Non, ce n'est pas une norme chez les filles. Si vous avez regardé les filles du Tour de France, elles ne sont pas toutes maigres, il y a plein de tailles différentes. Par contre si on regarde les marathoniennes, on ne parle pas de ça, on ne parle pas de ça dans l'athlétisme. Or elles sont beaucoup plus maigres, beaucoup plus sèches que les filles dans le vélo. Donc non, je pense qu'on cherche quelque chose qui n'est pas aussi dramatique que dans la course à pied longue distance.
Est-ce que si on regarde des filles comme Demi Vollering ou d'autres Françaises, elles sont assez régulières sur leur poids durant la saison, et perdent pour le Tour?
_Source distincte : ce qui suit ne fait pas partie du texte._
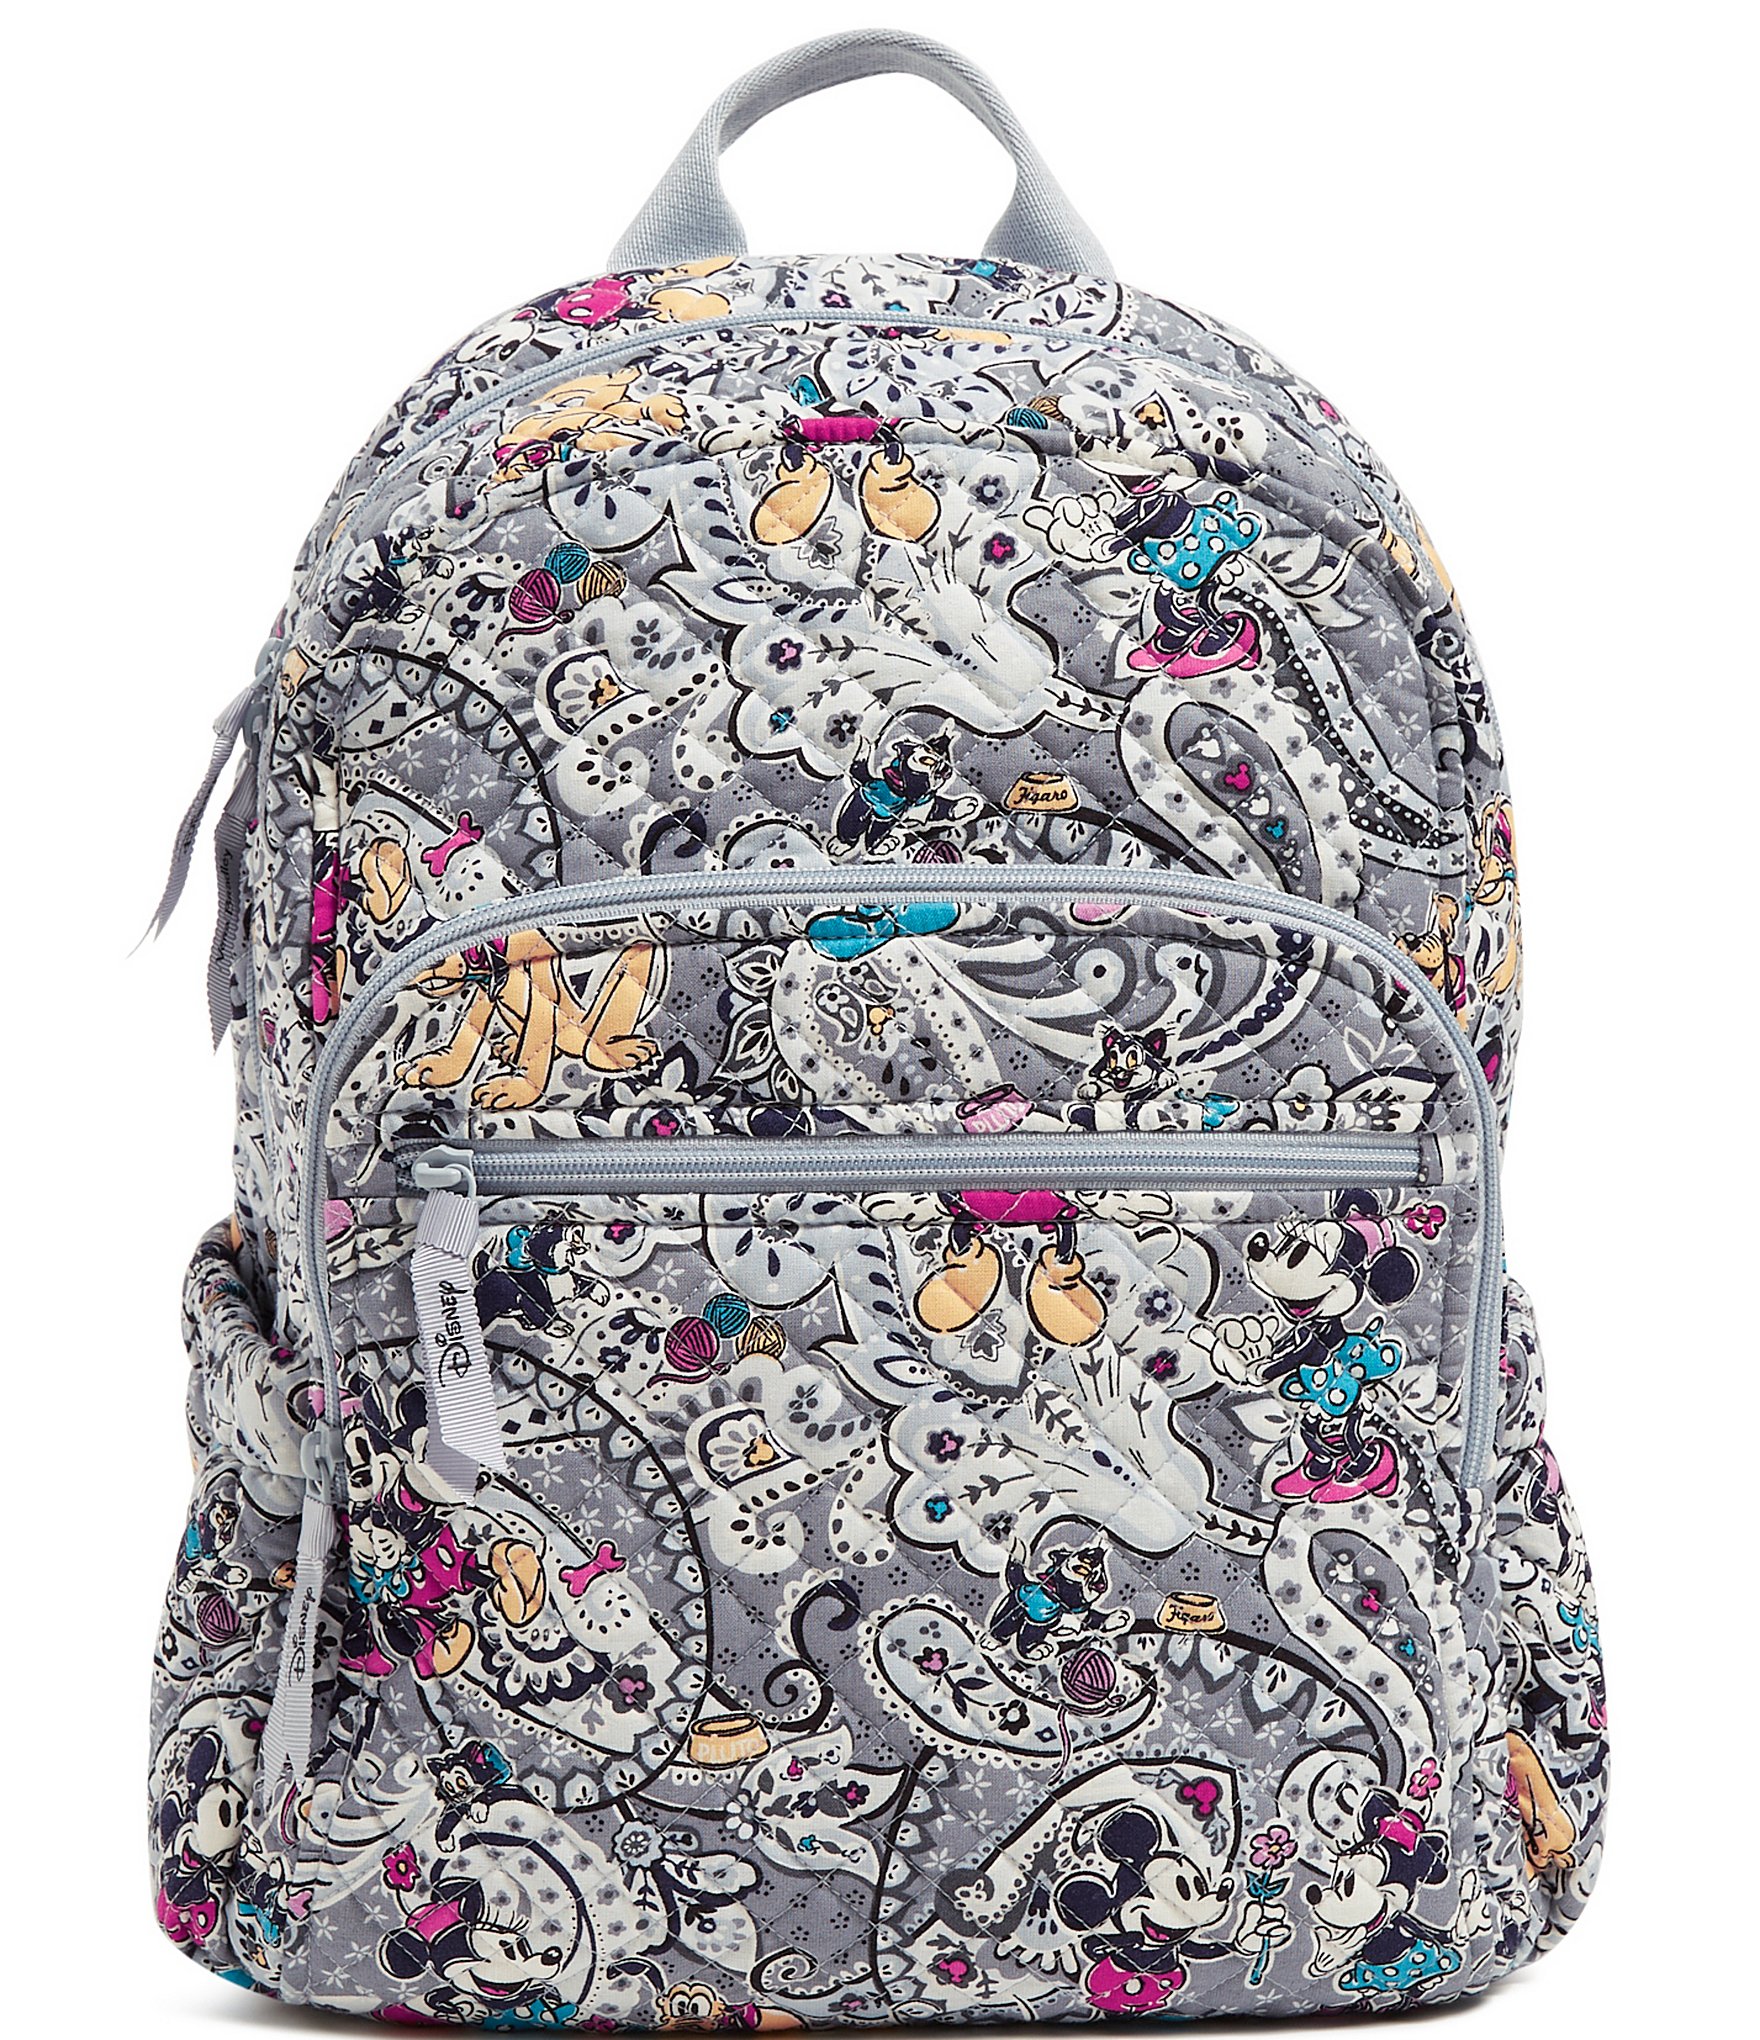 https://dimg.dillards.com/is/image/DillardsZoom/zoom/vera-bradley-disney-collection-mickey-mouse-piccadilly-paisley-campus-backpack/00000000_zi_2486e78b-2596-4801-85e9-e9df55f5787b.jpg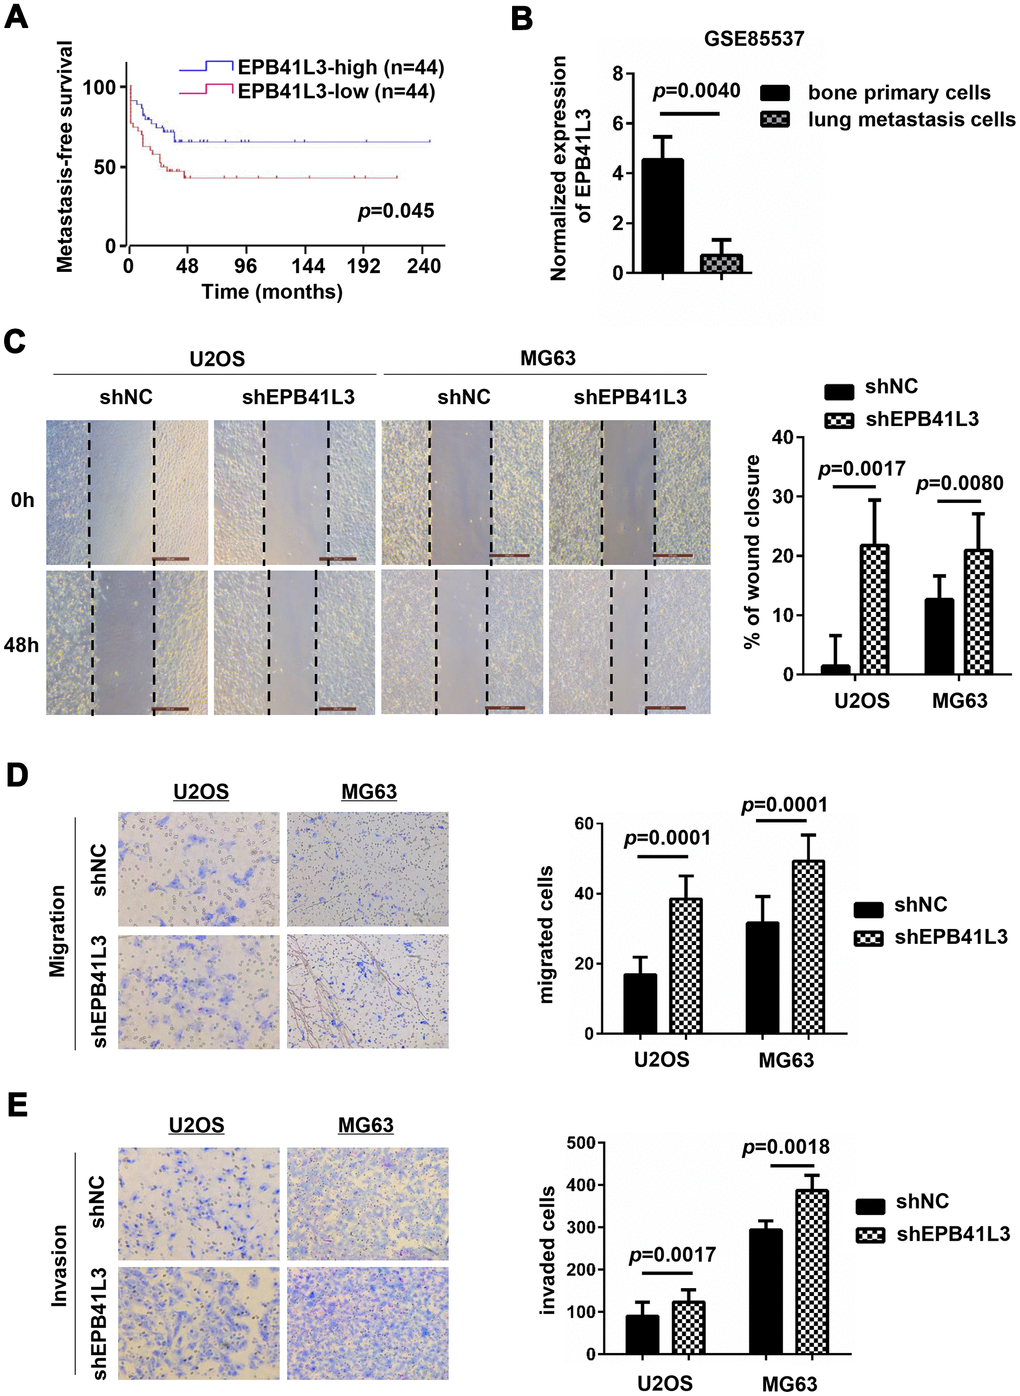 EPB41L3 knockdown promotes migration and invasion of osteosarcoma cells. (A) Metastasis-free survival analysis of patients from GSE42352 (p=0.0450) in the R2 online database (http://r2.amc.nl). (B) EPB41L3 mRNA expression was significantly higher in primary osteosarcoma cells than lung metastasis cells from GSE85537. (C) Wound-healing assays for U2OS and MG63 cells stably expressing shNC or shEPB41L3. (D) U2OS and MG63 cells stably expressing shNC or shEPB41L3 were subjected to Boyden’s chamber migration assays. Representative images of cell migration were presented (magnification, x100) and migratory cells were counted. (E) U2OS and MG63 cells stably expressing shNC or shEPB41L3 were subjected to Matrigel-coated invasion assays. Representative images of cell invasion were presented (magnification, x100) and invasive cells were counted. All experiments were repeated three times. Data were presented as the mean ± SD.

Tout le monde s'affûte un peu, se sèche un peu plus parce qu'il y a des montagnes à passer et que le rapport poids-puissance fait en sorte que. Mais ça ne veut pas dire qu'elles sont malades. Je trouve que chez les mecs, c'est plus dramatique, ils sont hyper maigres mais il y a une omerta, on n'en parle pas. Aussi, je pense qu'il faut faire la part des choses et peut-être féliciter Pauline pour sa performance au lieu de mettre le bazar dans le sport féminin. On a déjà assez de négativité dans le cyclisme féminin. Là, le Tour marche super bien, c'est la quatrième année, il n'y a jamais eu autant de spectateurs... Je pense que ce qui est important à voir, c'est qu'il y a des équipements peut-être pas adaptés aux femmes dans le vélo. Les selles, par exemple. Il y a des filles qui changent ou qui arrêtent le vélo ou qui sont obligées d'arrêter plusieurs mois parce que les selles ne sont pas adaptées pour nous. Elles développent un problème qui s'appelle un lymphœdème vulvaire. Ca, à mon avis c'est plus urgent aujourd'hui que les histoires de poids. On est toujours dans ce problème d'équipement qui n'est pas toujours fait pour les femmes en premier.